▸ Information supplied
====================

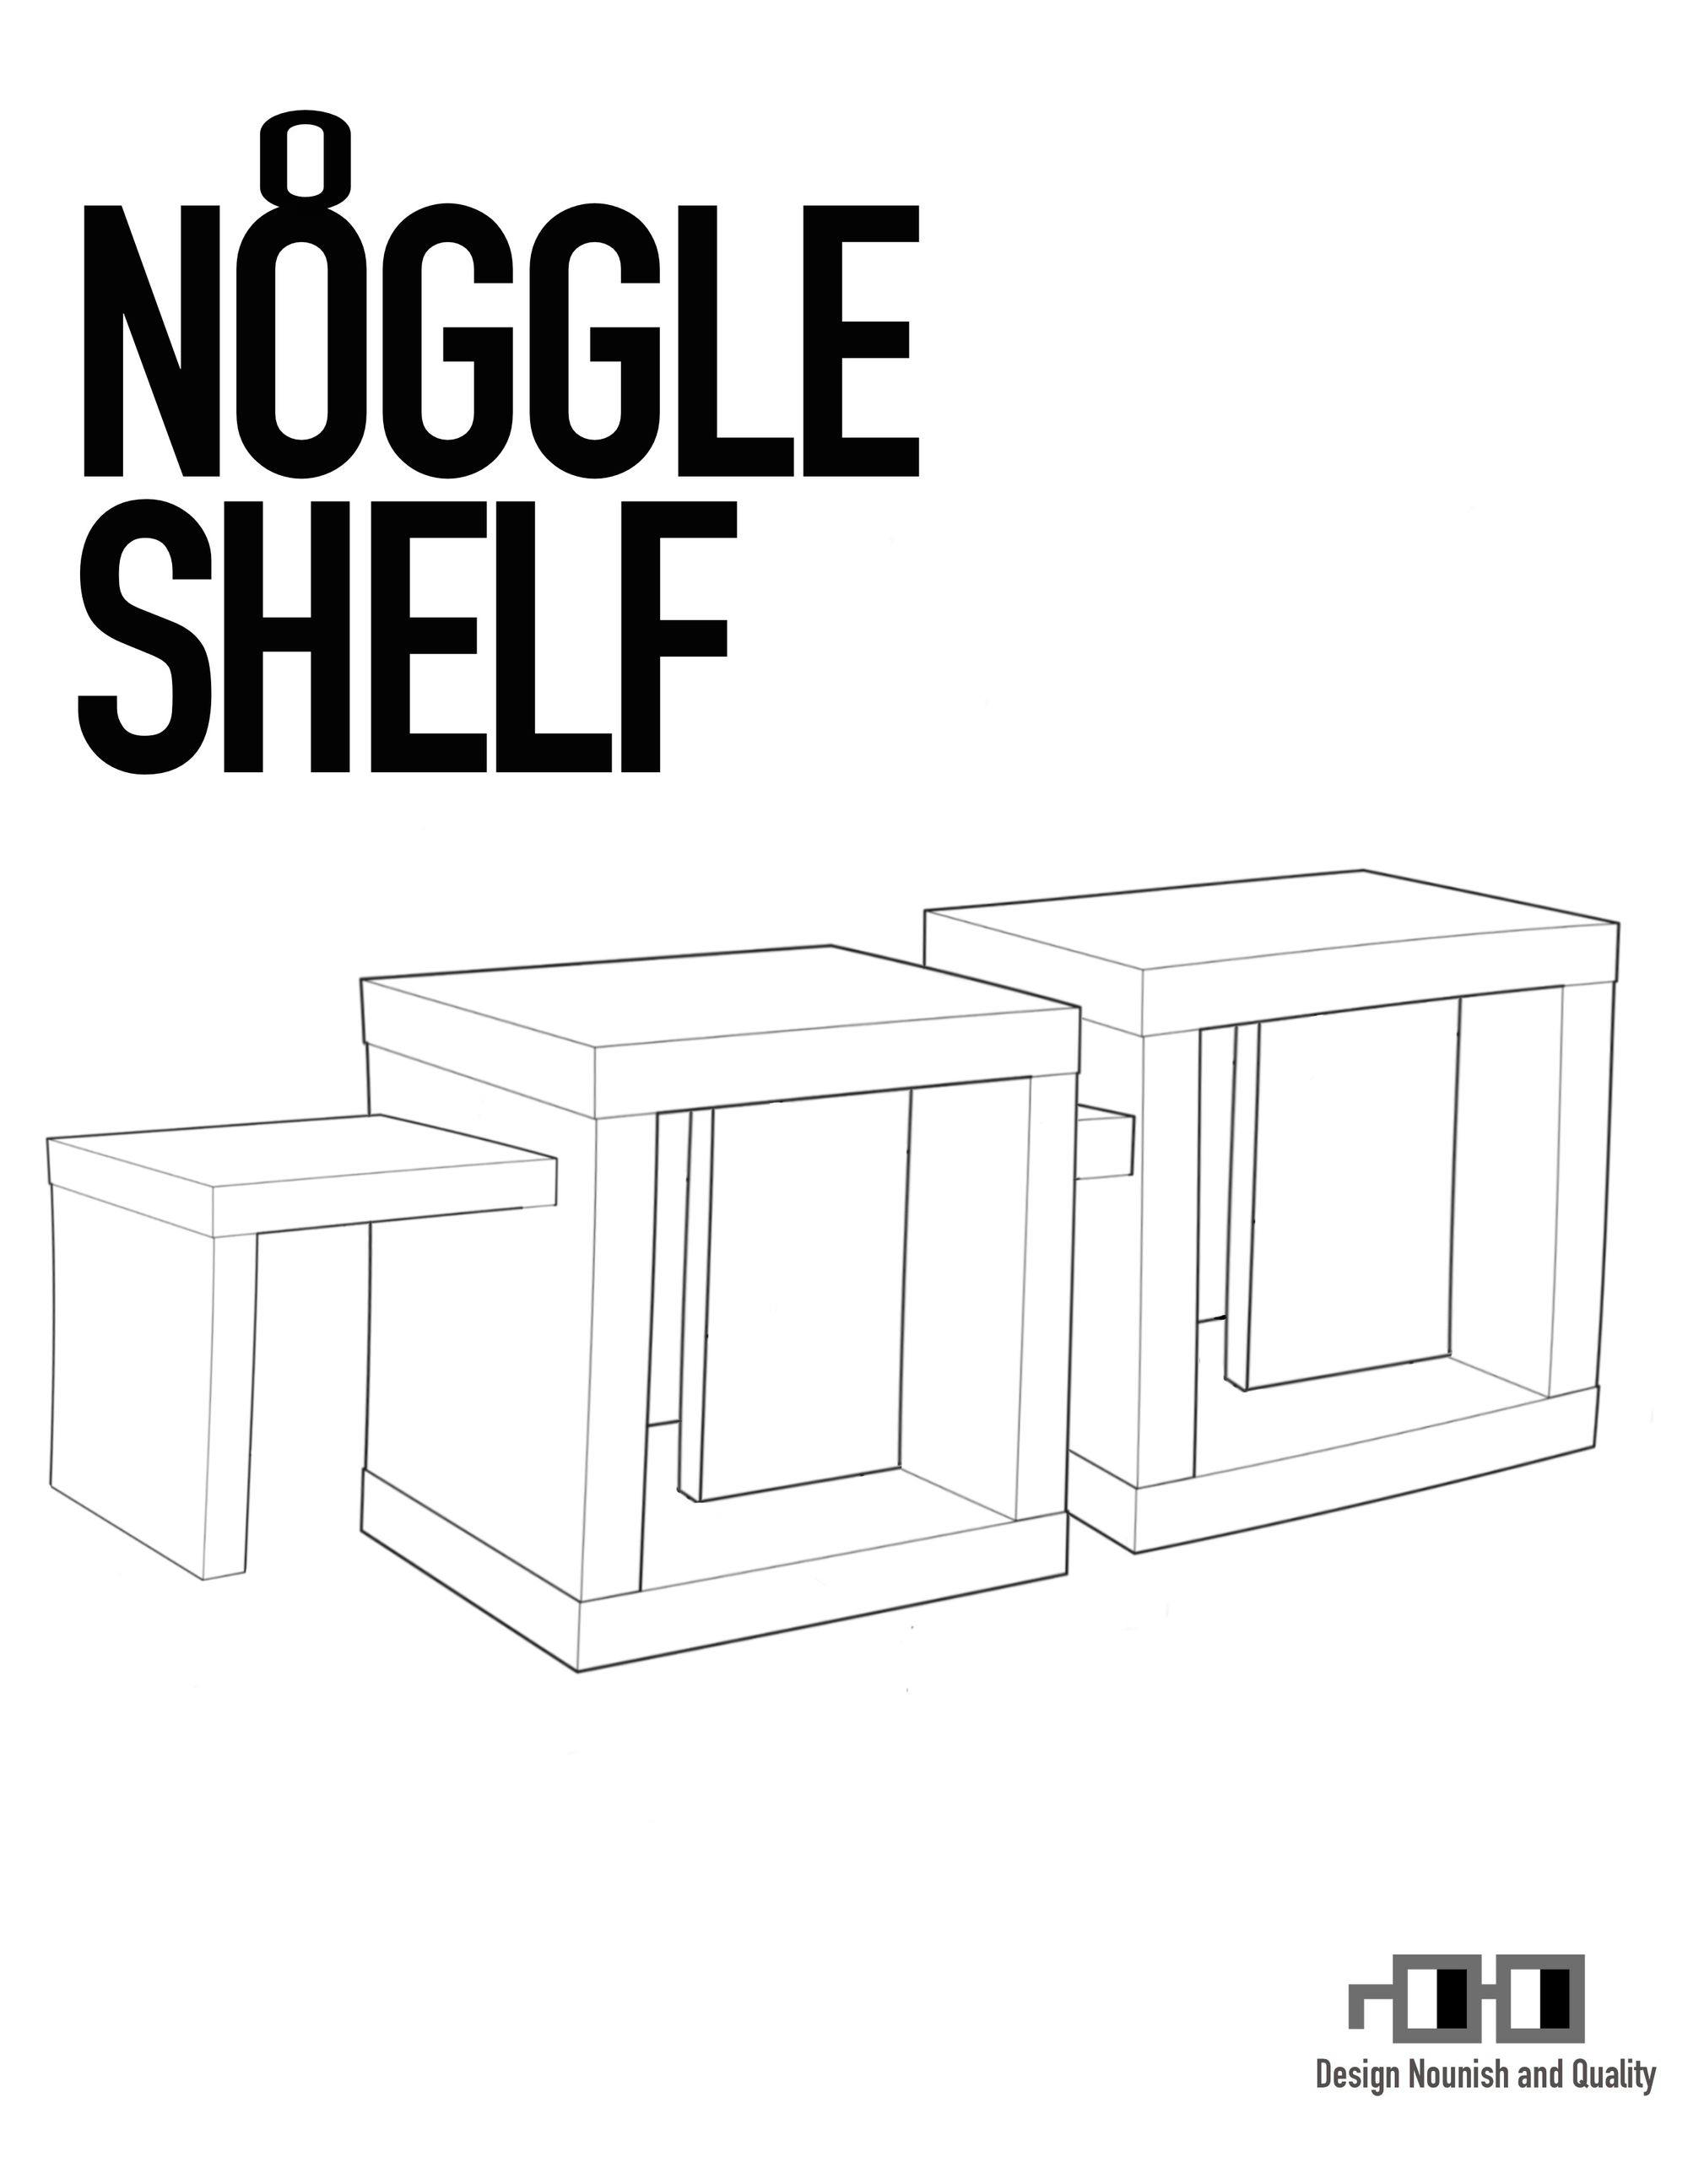 Noggle Shelf.jpeg
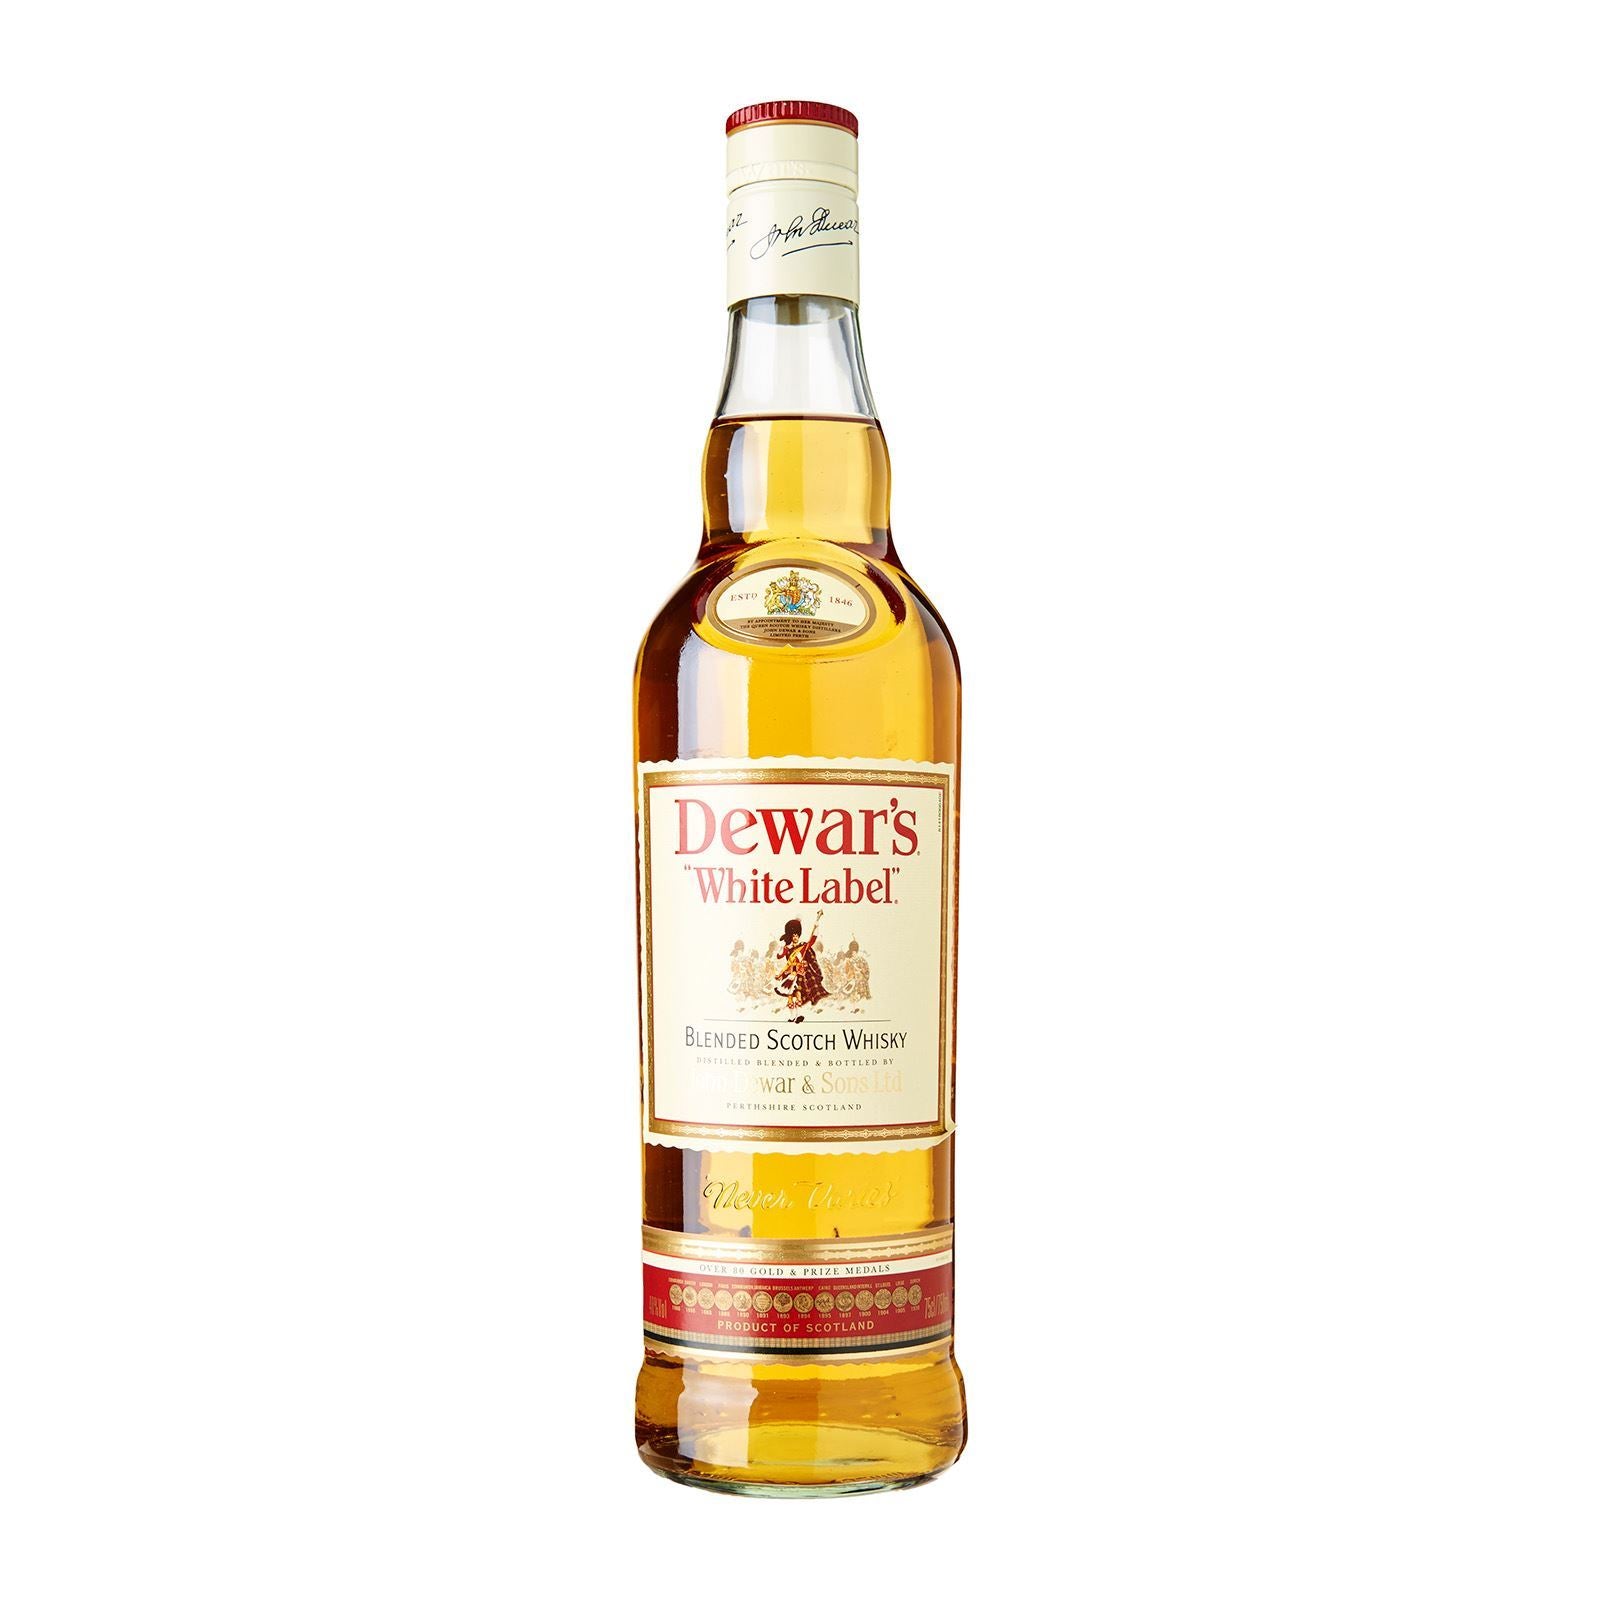 Dewars White Label Whisky
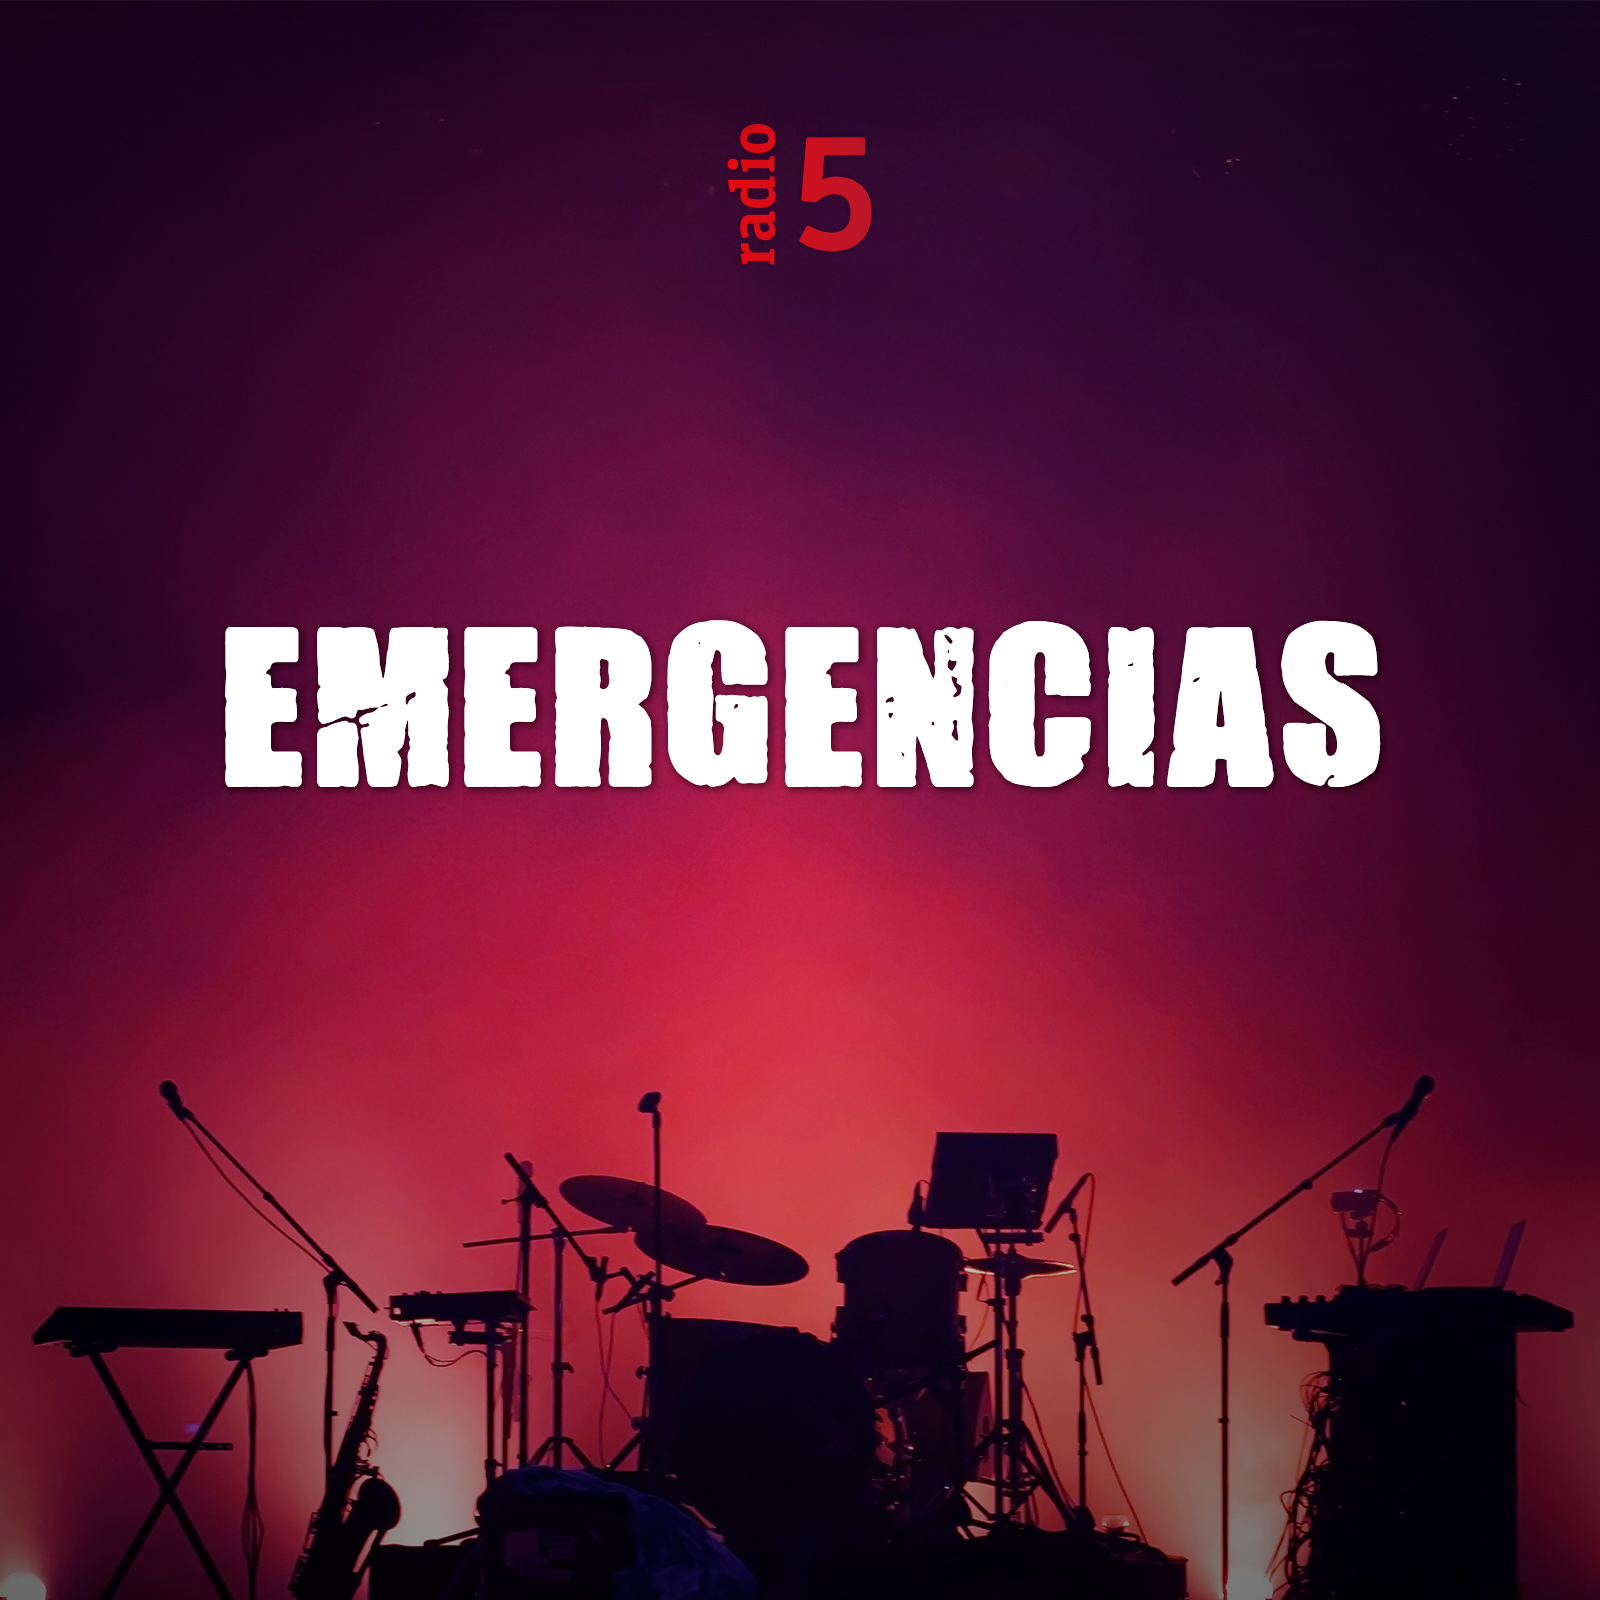 Emergencias

====================

▸ The task
The listing should be transcribed in full, exactly, and without its pictures.

▸ The completed task
 Noggle Shelf.jpeg
 Dewars White Label Whisky
 Emergencias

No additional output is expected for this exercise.